На кладбищенском столике нехитрая закуска – колбаса, огурцы, помидоры, лепешки, бутылка водки, рюмки. Мужчина разливает. Не чокаясь, пьют. Вместе идут с кладбища к трамвайной остановке.

– Витя, у нас к вам просьба, – обращается к нему женщина.

– Слушаю, Валентина Ивановна.

– Николаю дали «горящую» путевку на двоих в санаторий в Пицунду, летим послезавтра, а у Танюшки в субботу день рождения, семнадцать стукнет, она уже друзей наприглашала, бабушки три года как нет, приглядеть за дочерью некому. Вы не сможете в воскресенье приехать к нам, помочь ей по хозяйству? И вообще, ей выпускные экзамены сдавать, пока мы в Абхазии загорать будем, вы уж, Витя, помогите, а мы в долгу не останемся… – женщина вопросительно смотрит на Градова.

– Какая благодарность, вы что, конечно, помогу, – обещает Виктор.

Виктор в голубой финке, темных брюках, с букетом роз поднимается по лестнице. Звонит в дверь с номером 28. Дверь открывается. На пороге молоденька девушка в коротком халатике, волосы закручены на бигуди.

– Ой, Виктор, здравствуйте! Извините, я в таком виде… Совершенно забыла, что вы рано придете. Спасибо! – она берет протянутый им букет, проводит его в квартиру, через все комнаты на кухню.

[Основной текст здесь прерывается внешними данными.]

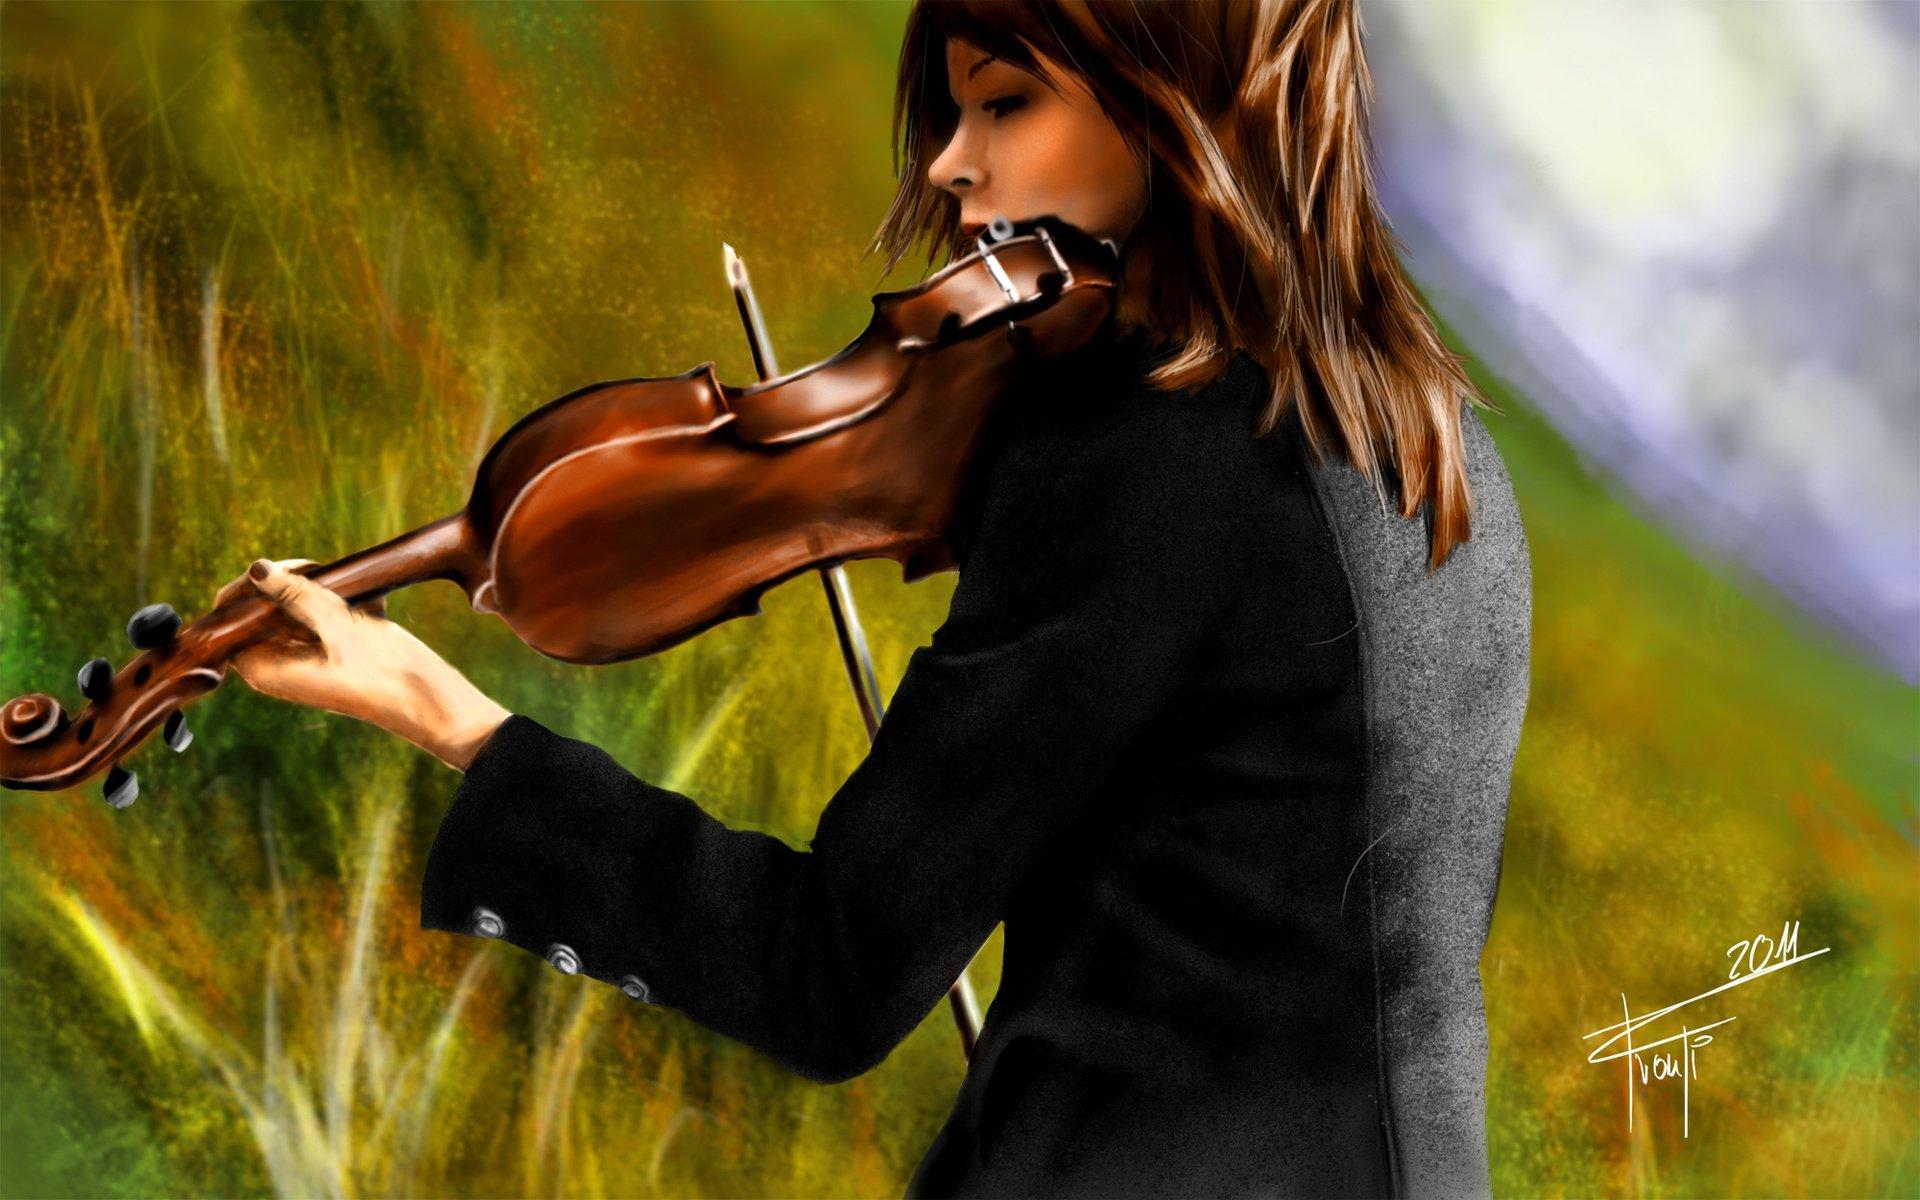 соло красивых девушек под музыку смотреть нарушение выше

– Наливайте чаю, а я сейчас, – она на несколько минут оставляет Виктора одного. Возвращается с уже расчесанными волосами.

– Что ж вы не хозяйничаете? – Татьяна наливает чай в пиалушку, вытаскивает из холодильника и ставит на столик тарелку с сыром, масленку, нарезает хлеб.

 

– Мне надо знать, когда придут гости, сколько их будет, что вы планируете приготовить из горячего, закуски и так далее, – говорит Виктор, жуя бутерброд.

– Гости придут к шести вечера, будет их человек 15—16, из горячего надо сделать цыплята табака и плов, салаты на ваше усмотренье и вообще, Виктор, вы на сколько лет меня старше? – интересуется девушка.

– Лет на шесть, – отвечает Градов.

– Давай на «ты», а то как-то неудобно, – предлагает Татьяна.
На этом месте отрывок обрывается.